Adam#

class seli.opt.Adam(lr: float = 0.0003, beta1: float = 0.9, beta2: float = 0.999, eps: float = 1e-08)[source]#

Bases: Optimizer

Adaptive Moment Estimation optimizer.

Combines momentum and RMSProp, maintaining both first moment (mean) and second moment (variance) of gradients with bias correction.

Adam has become the de facto standard optimizer for deep learning.

Methods Summary

call_model(grads, **_)

Process the gradients of the whole model.

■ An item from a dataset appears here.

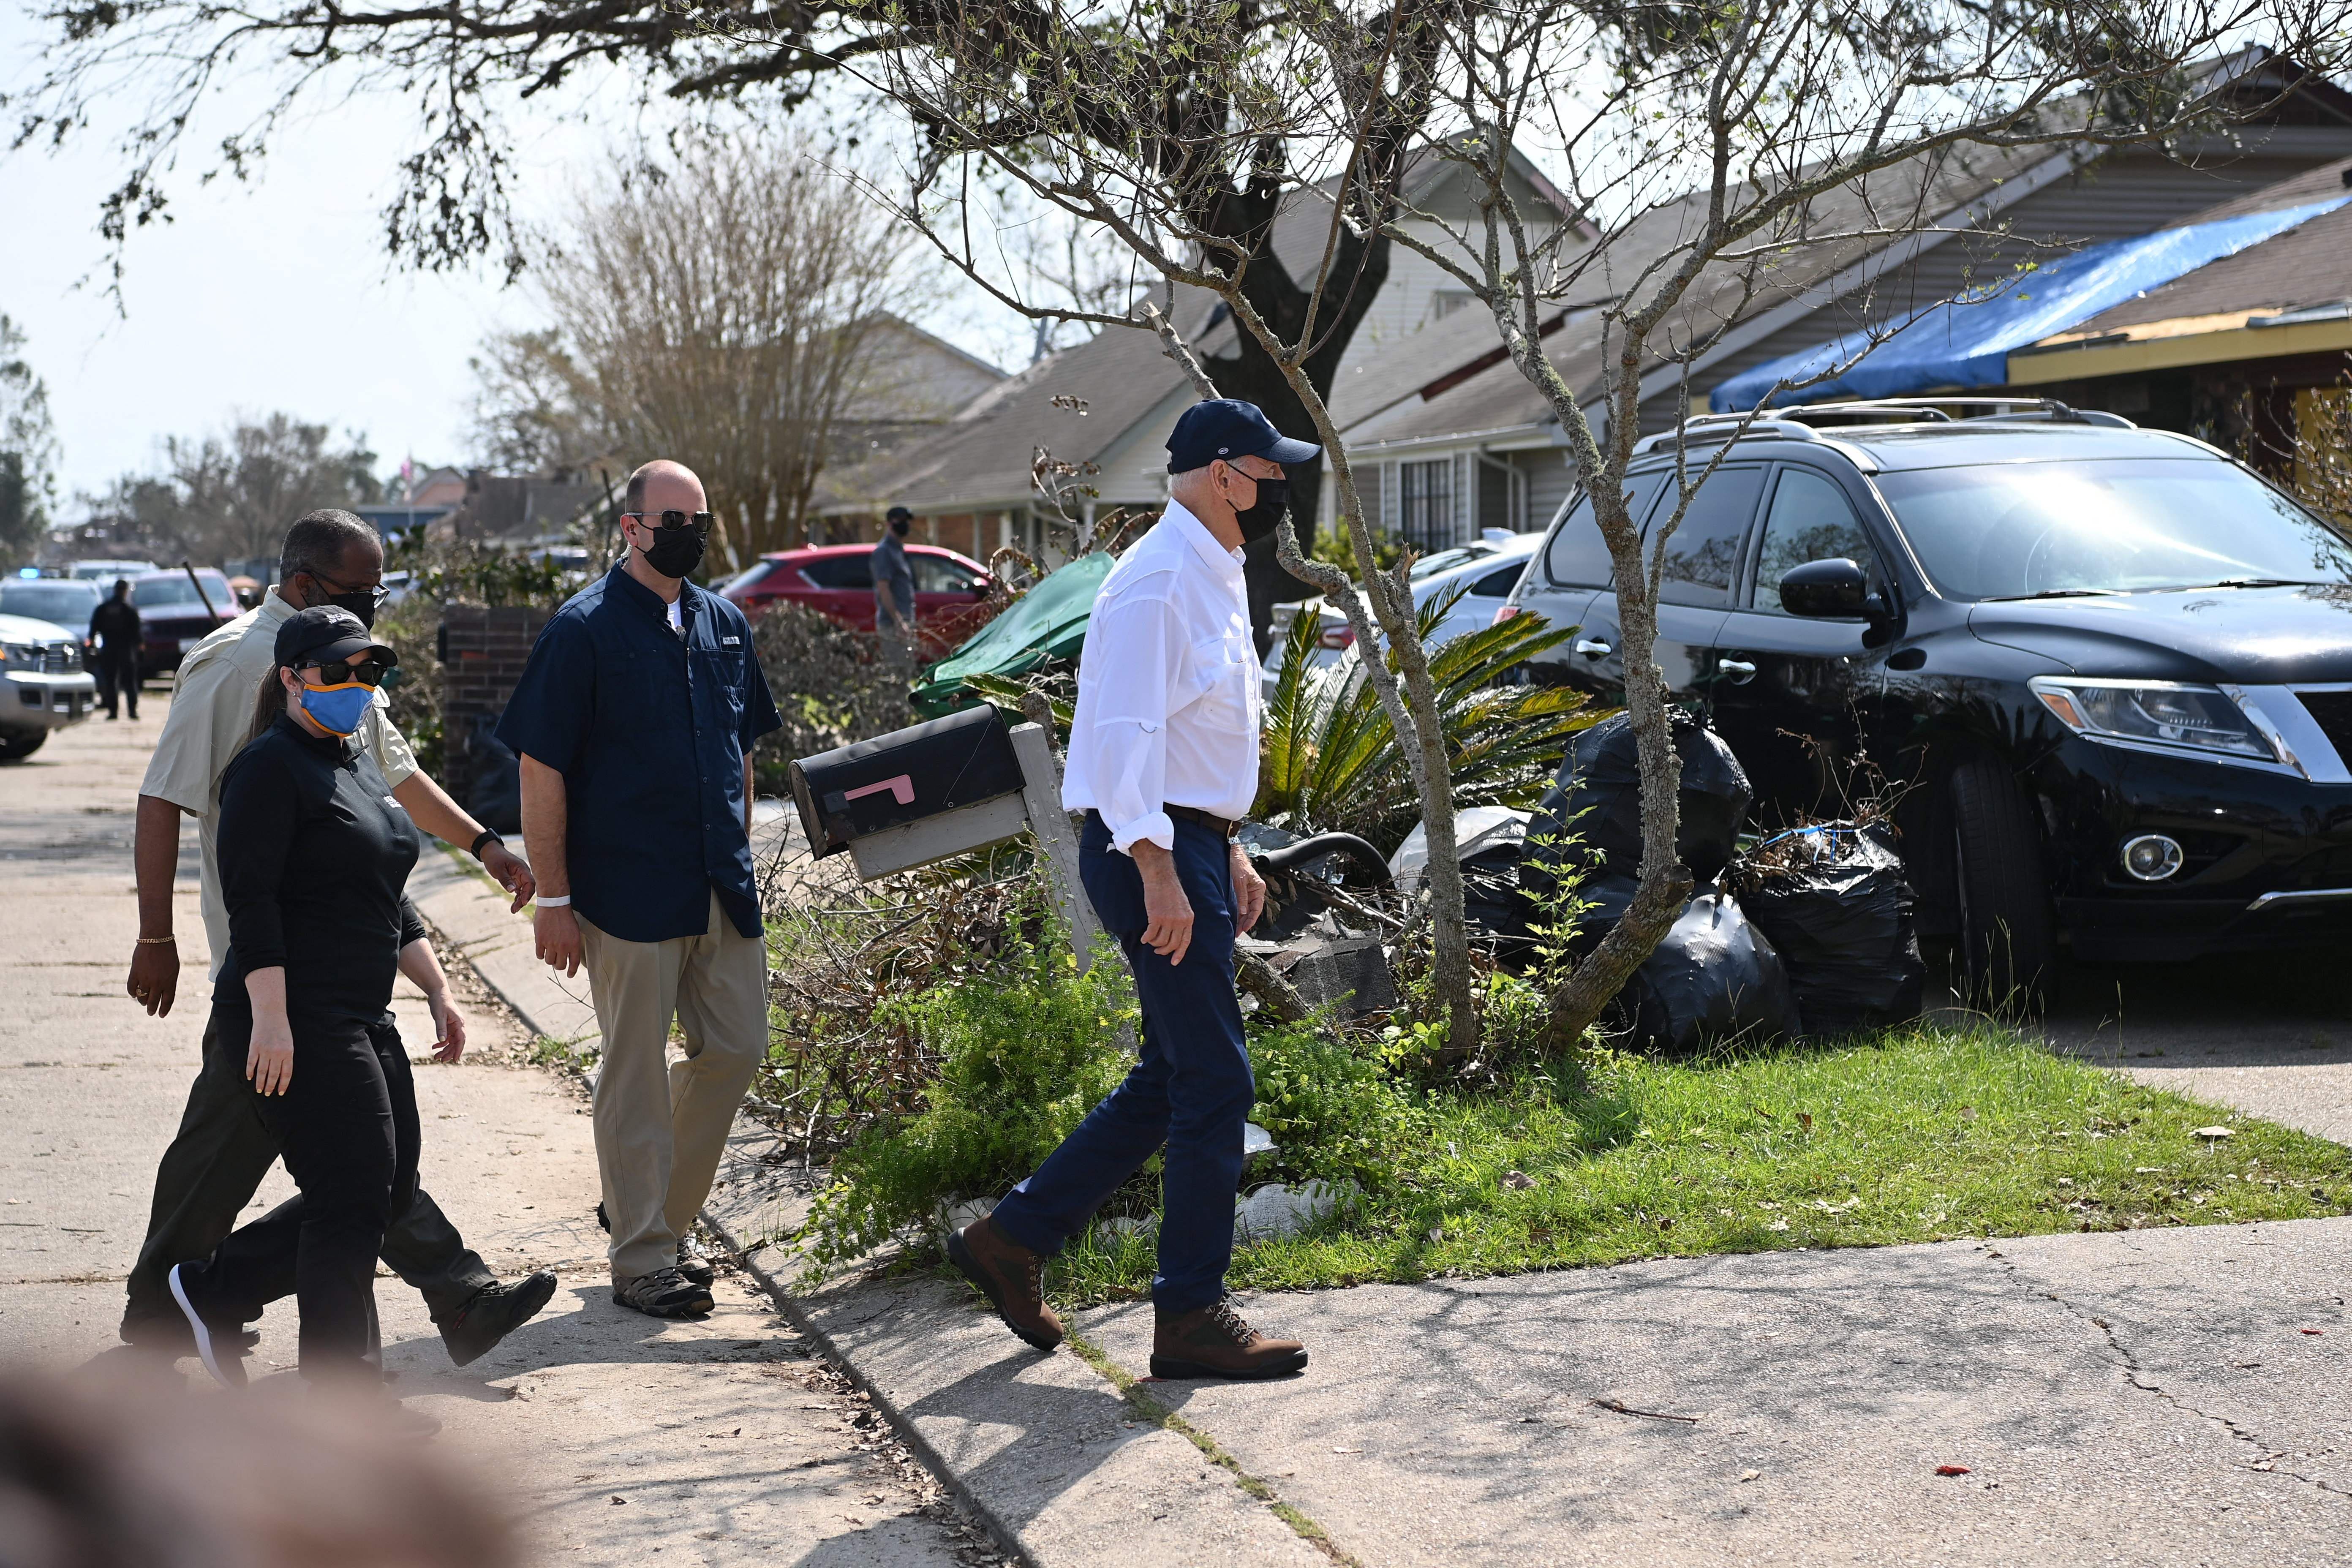 Photo of Joe Biden leading a line of people as they walk and survey damage in a residential neighborhood

call_param(key, grad, **_)

Process the gradients of a single parameter.

Methods Documentation

call_model(grads, **_)[source]#

Process the gradients of the whole model. The absolute loss value and parameter values are also provided to the optimizer.

This function is useful for implementing custom optimizers that work on the whole model at once.

Parameters:
  • model (NodeType) – The model to process.

  • loss (Float[Array, ""]) – The absolute loss value.

  • grads (dict[str, Float[Array, "..."]]) – The gradients of the model parameters.

  • values (dict[str, Float[Array, "..."]]) – The parameter values of the model.

Returns:

grads – The processed gradients of the model parameters.

Return type:

dict[str, Float[Array, “…”]]

call_param(key: str, grad: Float[Array, '*s'], **_) Float[Array, '*s'][source]#

Process the gradients of a single parameter. This function is useful for implementing custom optimizers that essentially run the same function for all parameters. This is the case for most well known optimizers.

Parameters:
  • loss (Float[Array, ""]) – The absolute loss value.

  • key (str) – The key of the parameter.

  • grad (Float[Array]) – The gradients of the parameter.

  • param (Float[Array]) – The parameter values.

Returns:

grad – The processed gradients of the parameter.

Return type:

Float[Array]